How to Convert Inquiries into Clients
Follow up with them
This is probably the easiest action you can take to increase the chances of booking more photography clients. If you have an automated email that goes out after an inquiry, great. BUT it would also be beneficial to follow up personally via email, that way, your potential client feels heard and taken care of. As you know, I’m a huge fan of automation, but a personal touch never hurts.
Offer a “quick booking” bonus
After meeting with your client, or speaking to them on the phone, if they’re hesitant due to the price, or they plan on shopping around, offer them a bonus if they book with you by a certain deadline. The bonus could be a discounted rate, or an add-on, such as added session time or an extra outfit change. Make sure you’re clear that this offer only exists if they book with you within your predetermined deadline, and stick to it. "Act now before it's too late" marketing tends to work really well if there is a hard deadline that clients have to meet.

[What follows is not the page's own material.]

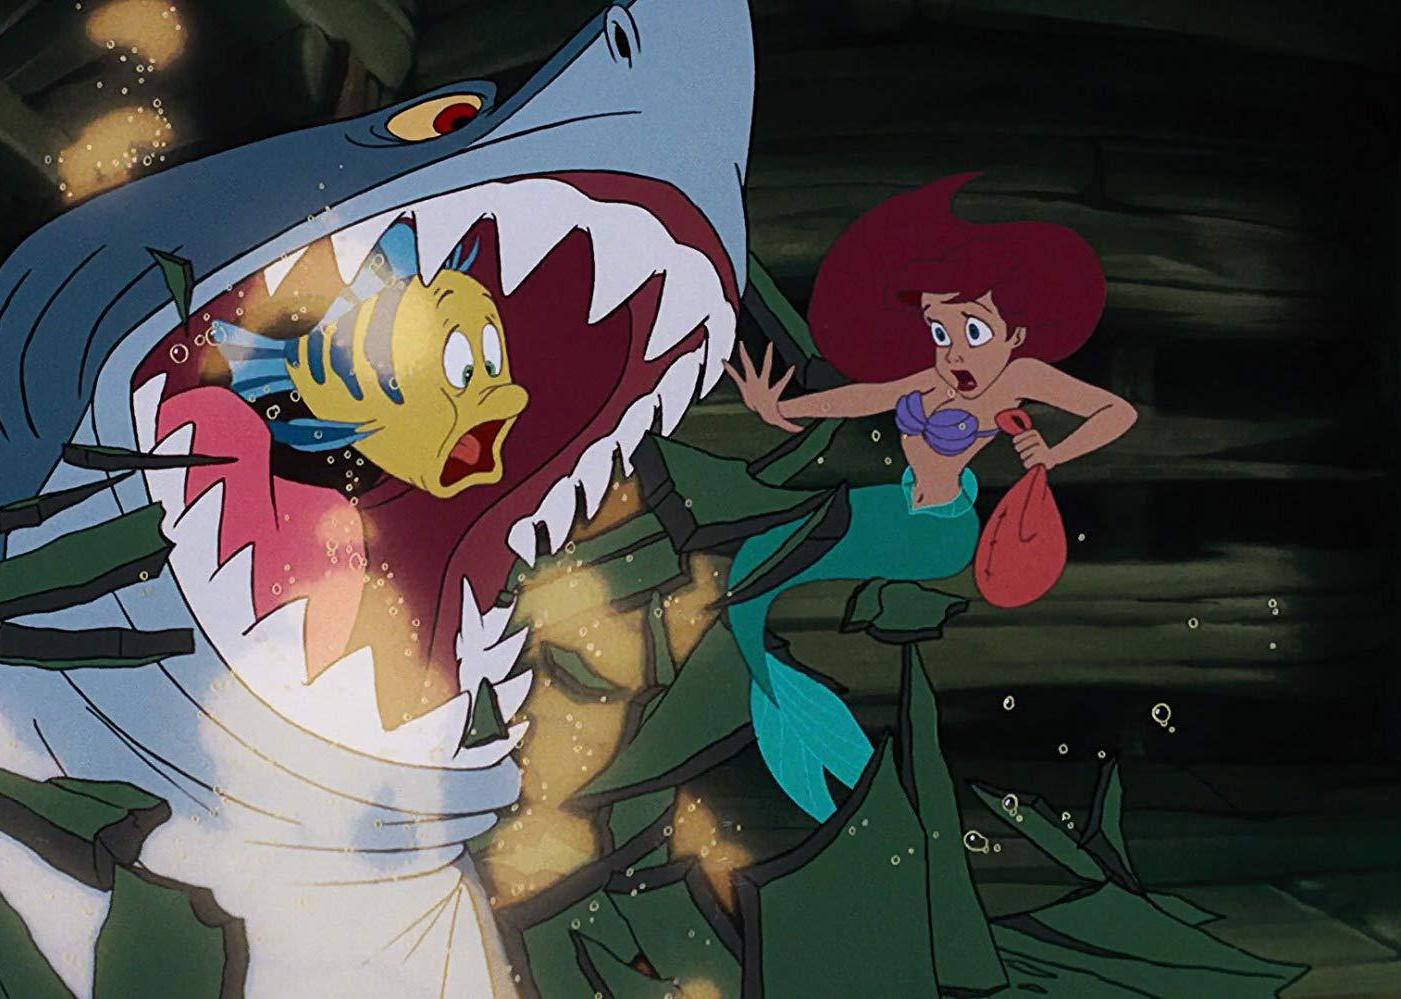 The Little Mermaid in shock looking at an open shark's mouth with a small fish inside.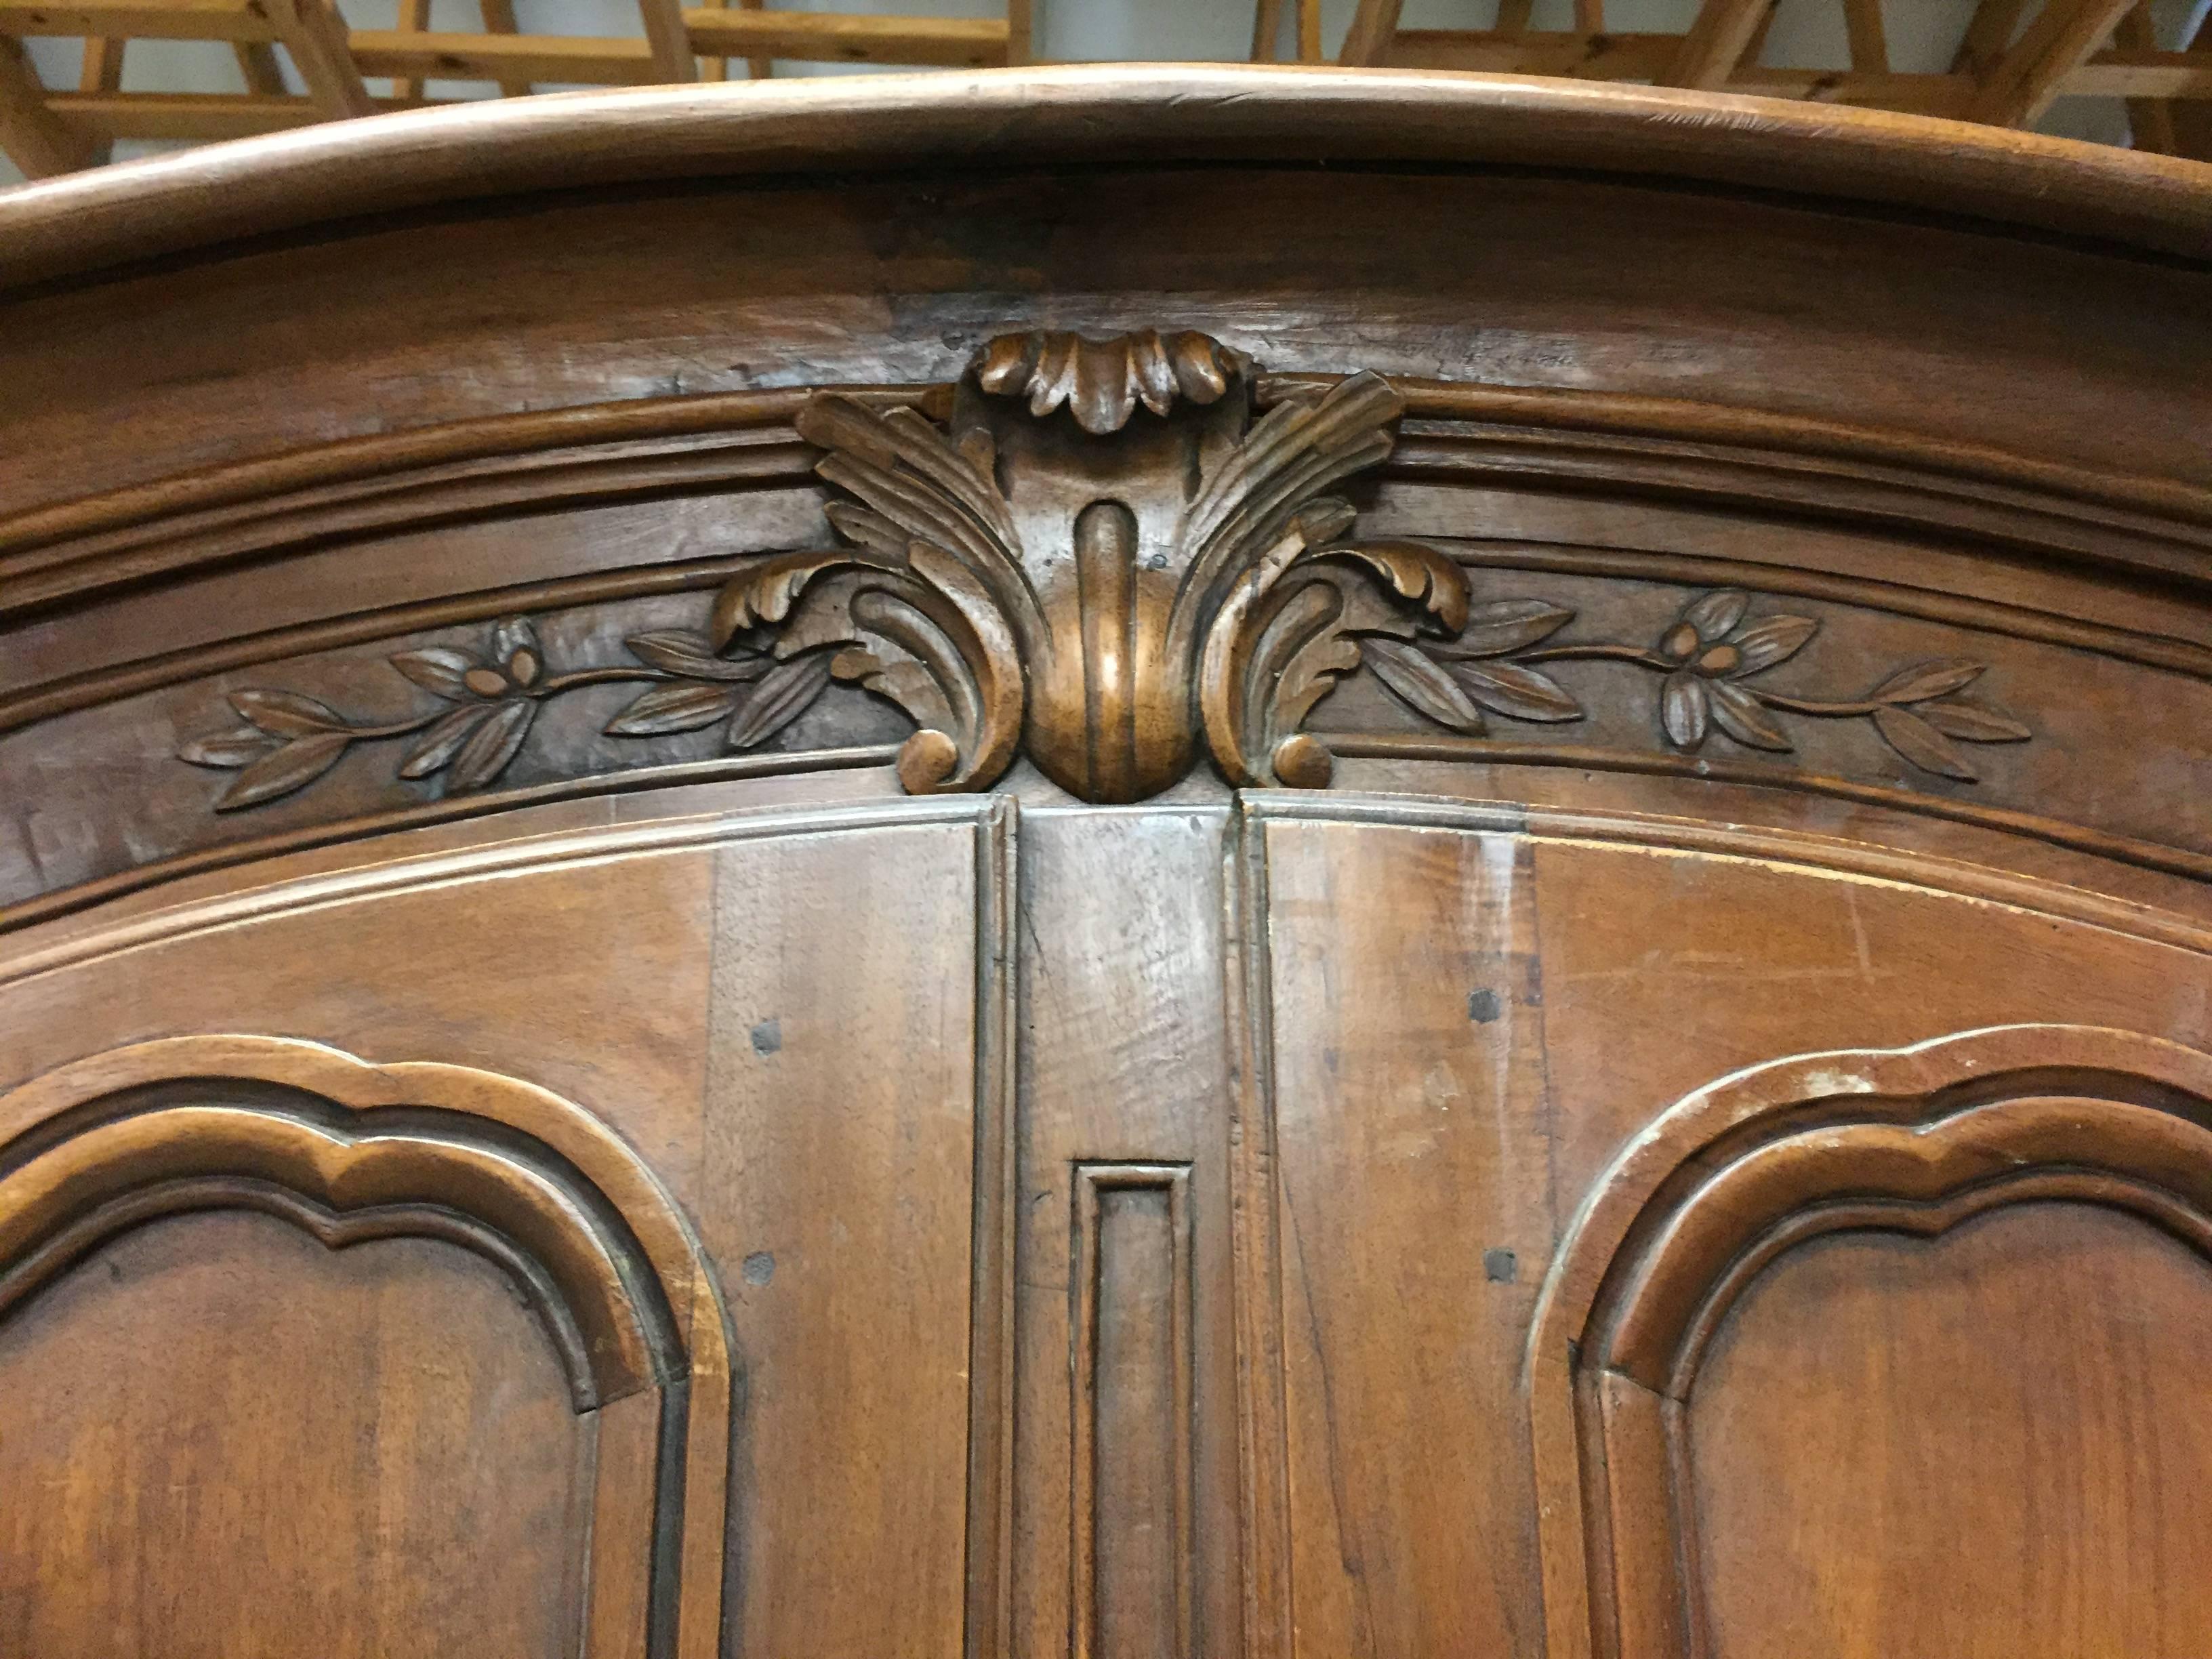 A beautiful armoire in French walnut from the period of Louis XV, who ruled France from 1715-1774. A perfect example from the Lyon region of France. With scalloped apron and carved escargot feet, and original steel lock and hinges.

Be personable and friendly
Obviously, it’s important to be friendly to your clients throughout their time with you. Being nice is customer service 101. But, when you’re in the beginning stages, pay extra attention to what they’re saying. What are they worried about? What are their frustrations, fears, wants, and needs? Address all of their concerns and let them know that you're paying attention and that you hear them.
Speak directly to them
Speaking directly to your client, whether it’s during a face-to-face meeting or through your marketing content, is always a good idea. It’s been proven time and time again that when clients are spoken to conversationally and directly, and when they feel that their problems have been heard and addressed, they are more willing to purchase your service. Consider your potential client’s most common problem, become an expert on that problem, and offer a helpful solution.
The last farewell
If you’ve tried everything and a person just isn’t getting back to you, that’s okay. Sometimes things just aren’t meant to be. In your very last email, whether it’s an automated email or a personal one, make it clear that this is goodbye. Basically, it should be friendly break-up email. You know how it goes, you gave it your best shot, but clearly it just isn’t going to work out. The email should state that you’ve provided all of the information you can at this point, and this will be the last email they receive from you. Always be kind, wish them well, and remind them that you’re here if they have any questions or decide to move forward.